> [Problem statement] In your copy of the listing below, reproduce each word exactly and include no pictures.

> [Given information]
-----

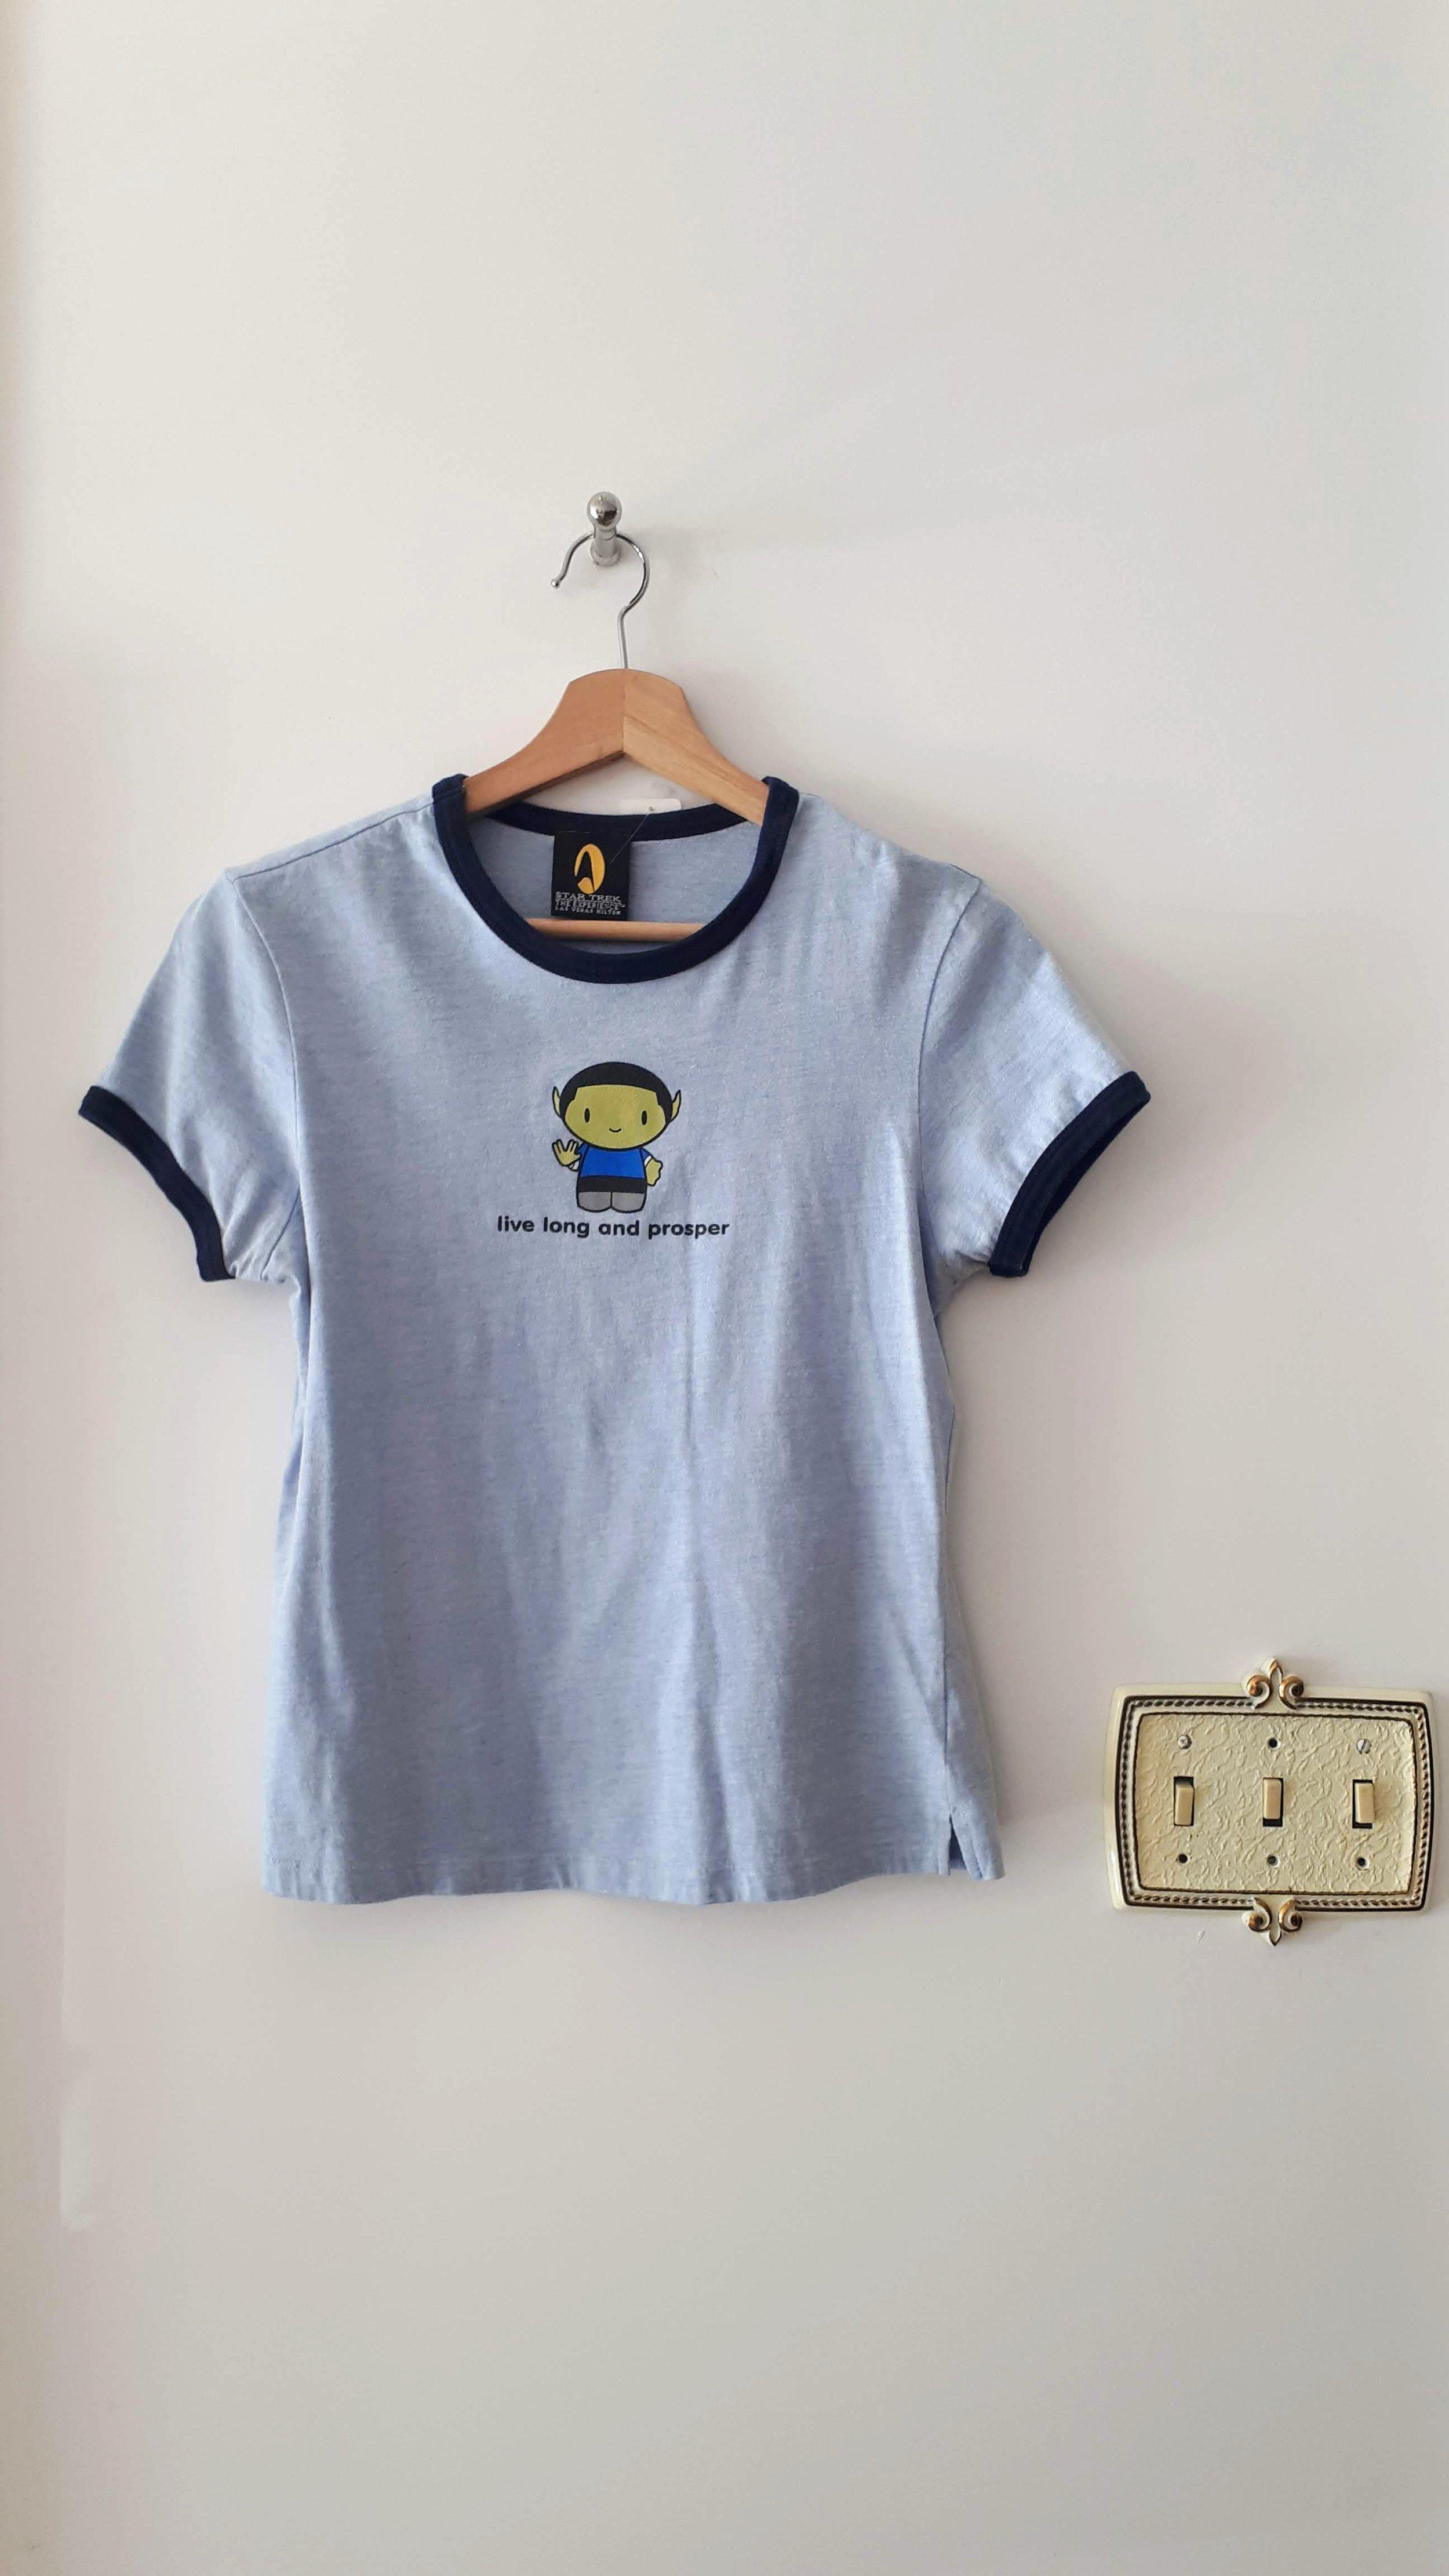 Tee shirt; Size M, $14
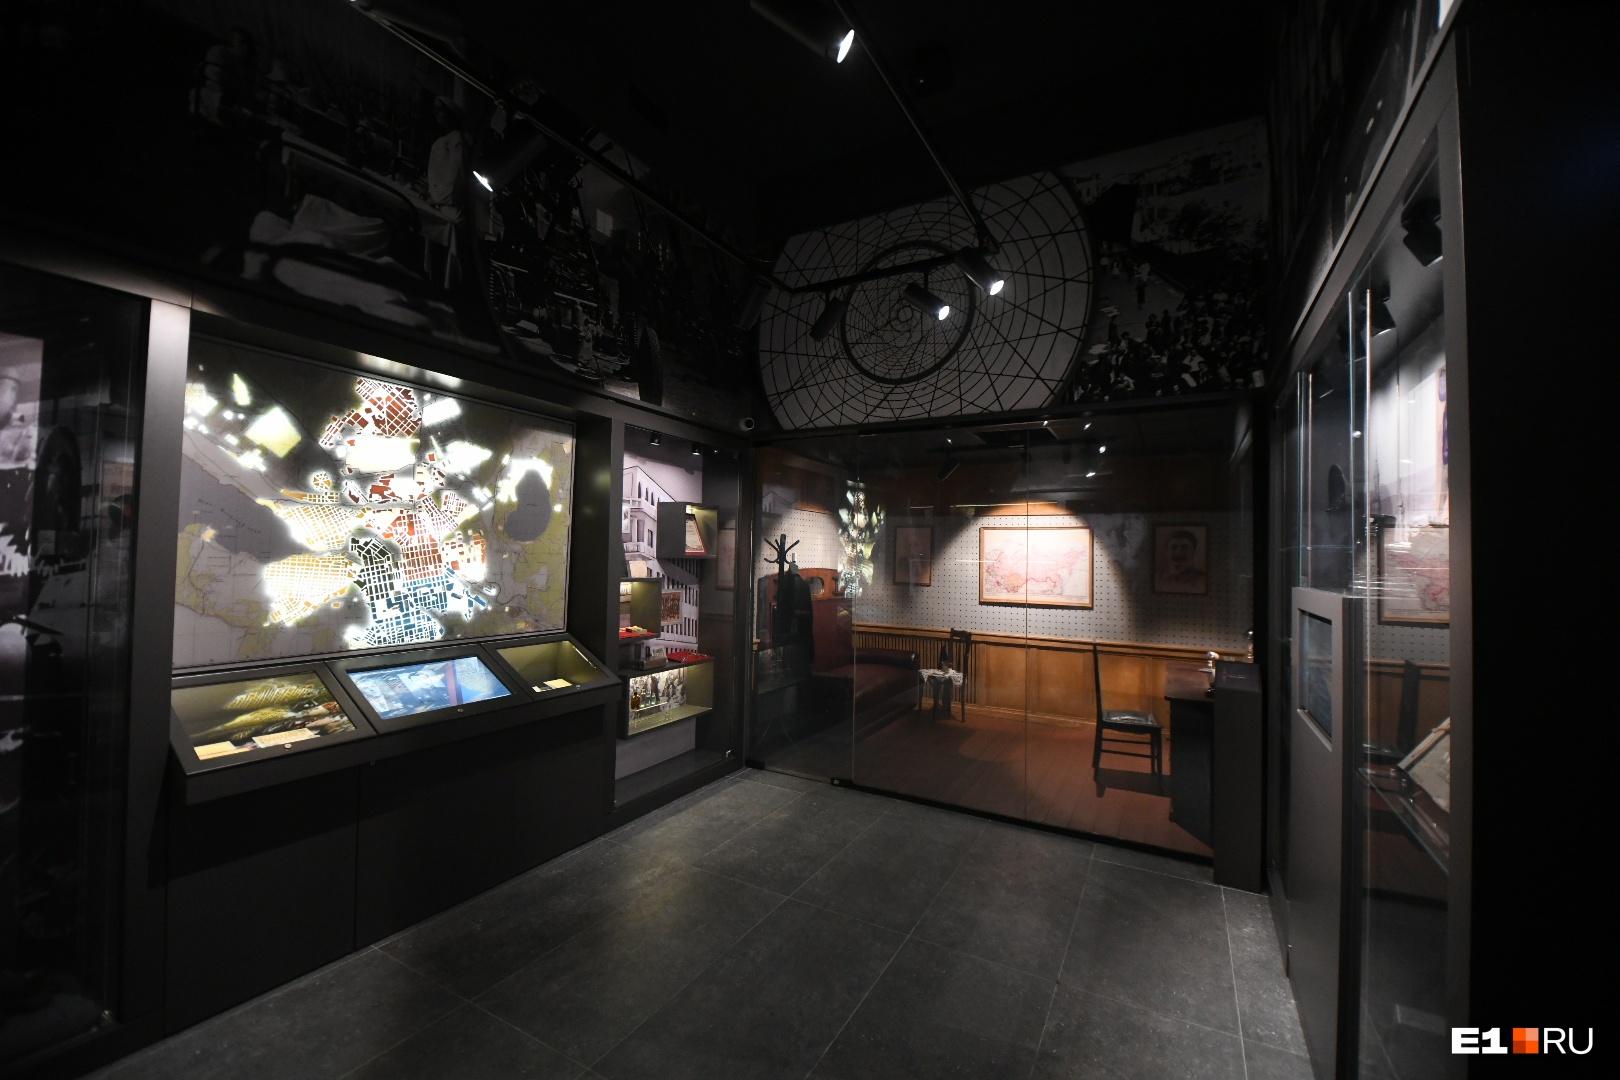 Гитлер считал Левитана врагом номер 1: в Екатеринбурге открыли музей легендарного диктора
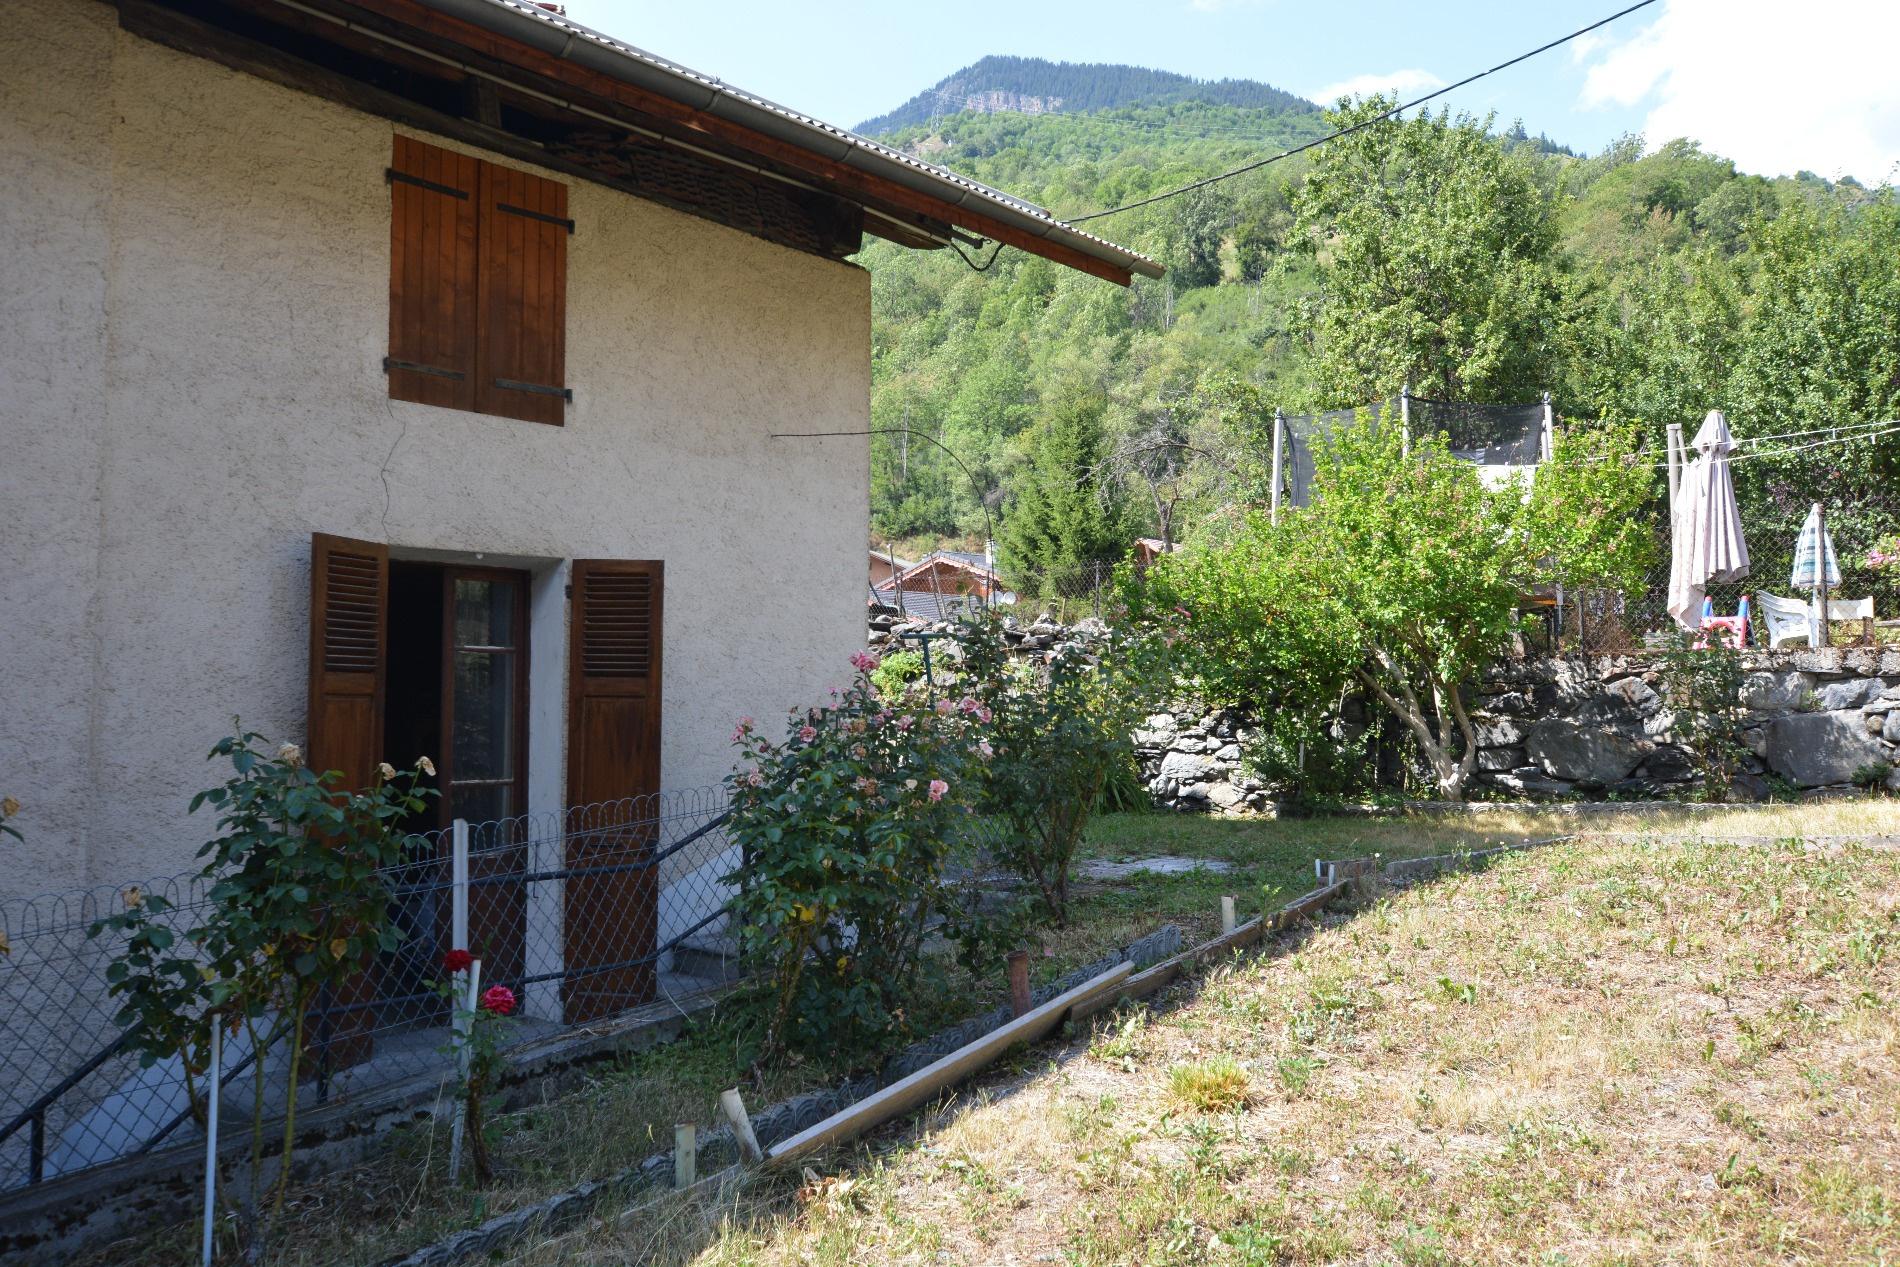 Vente a vendre maison avec grange r nover bozel for Acheter maison a renover
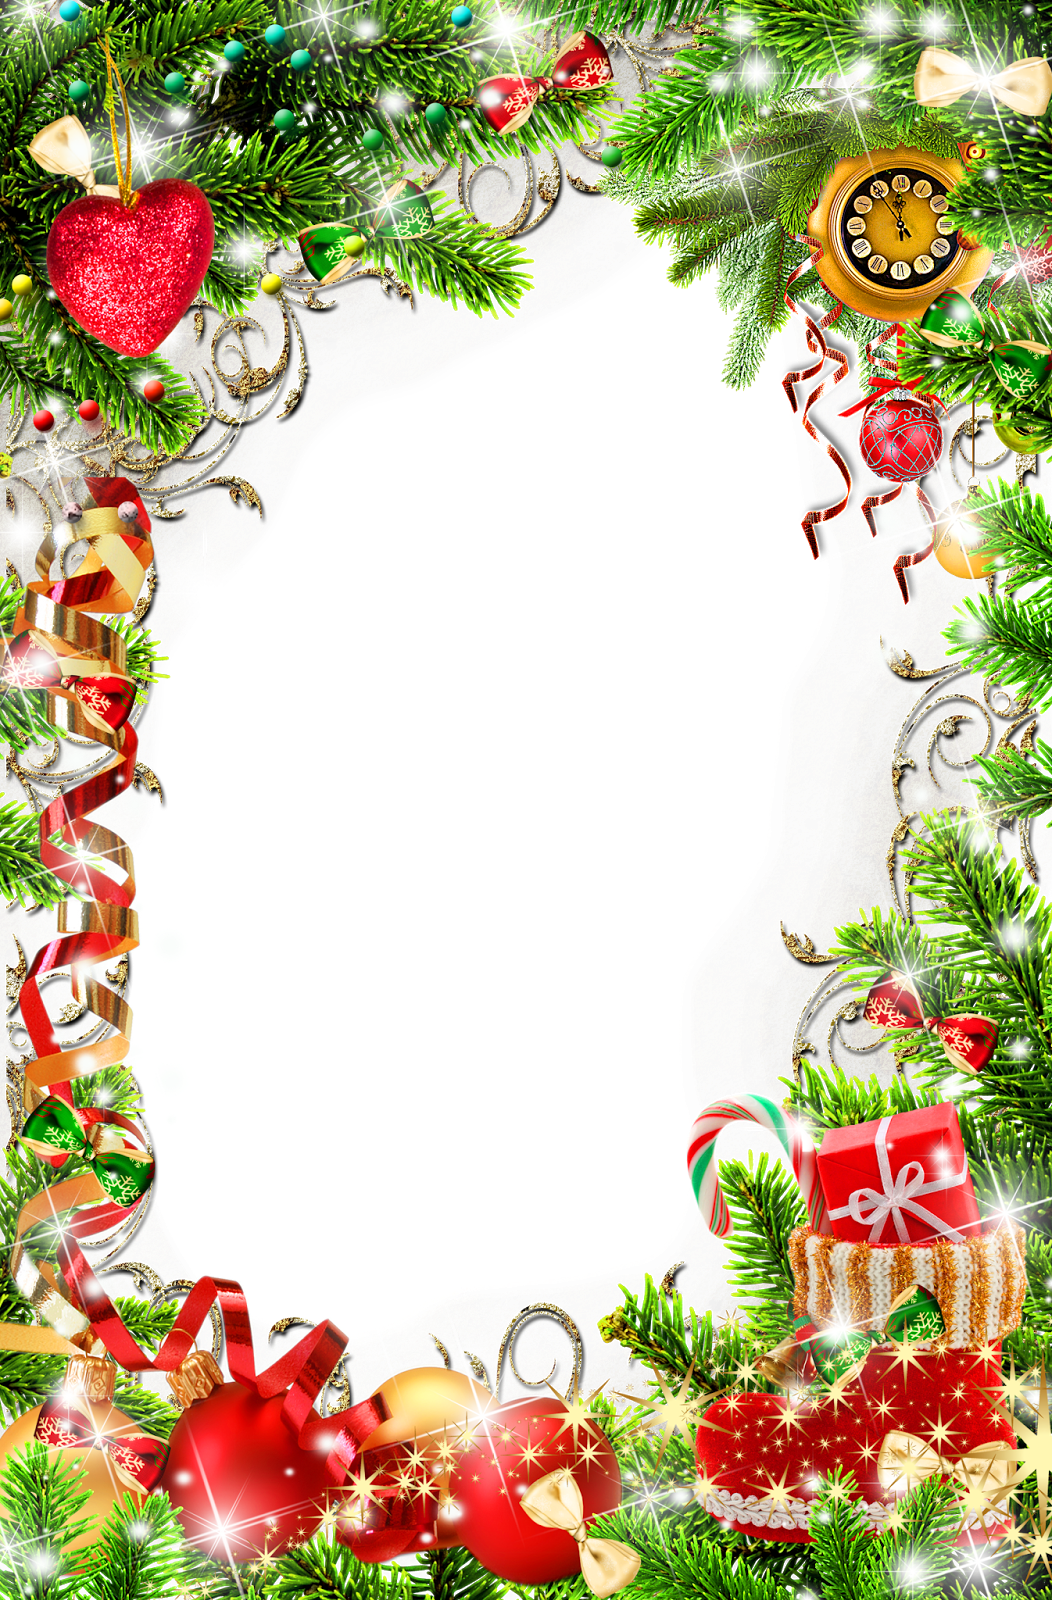 2012 A Kimi Christmas Page 2! by ThatsMimi - imikimi.com ...

-----

> [Reply to the exercise]
 Tee shirt; Size M, $14
 Гитлер считал Левитана врагом номер 1: в Екатеринбурге открыли музей легендарного диктора
 Vente a vendre maison avec grange r nover bozel for Acheter maison a renover
 2012 A Kimi Christmas Page 2! by ThatsMimi - imikimi.com ...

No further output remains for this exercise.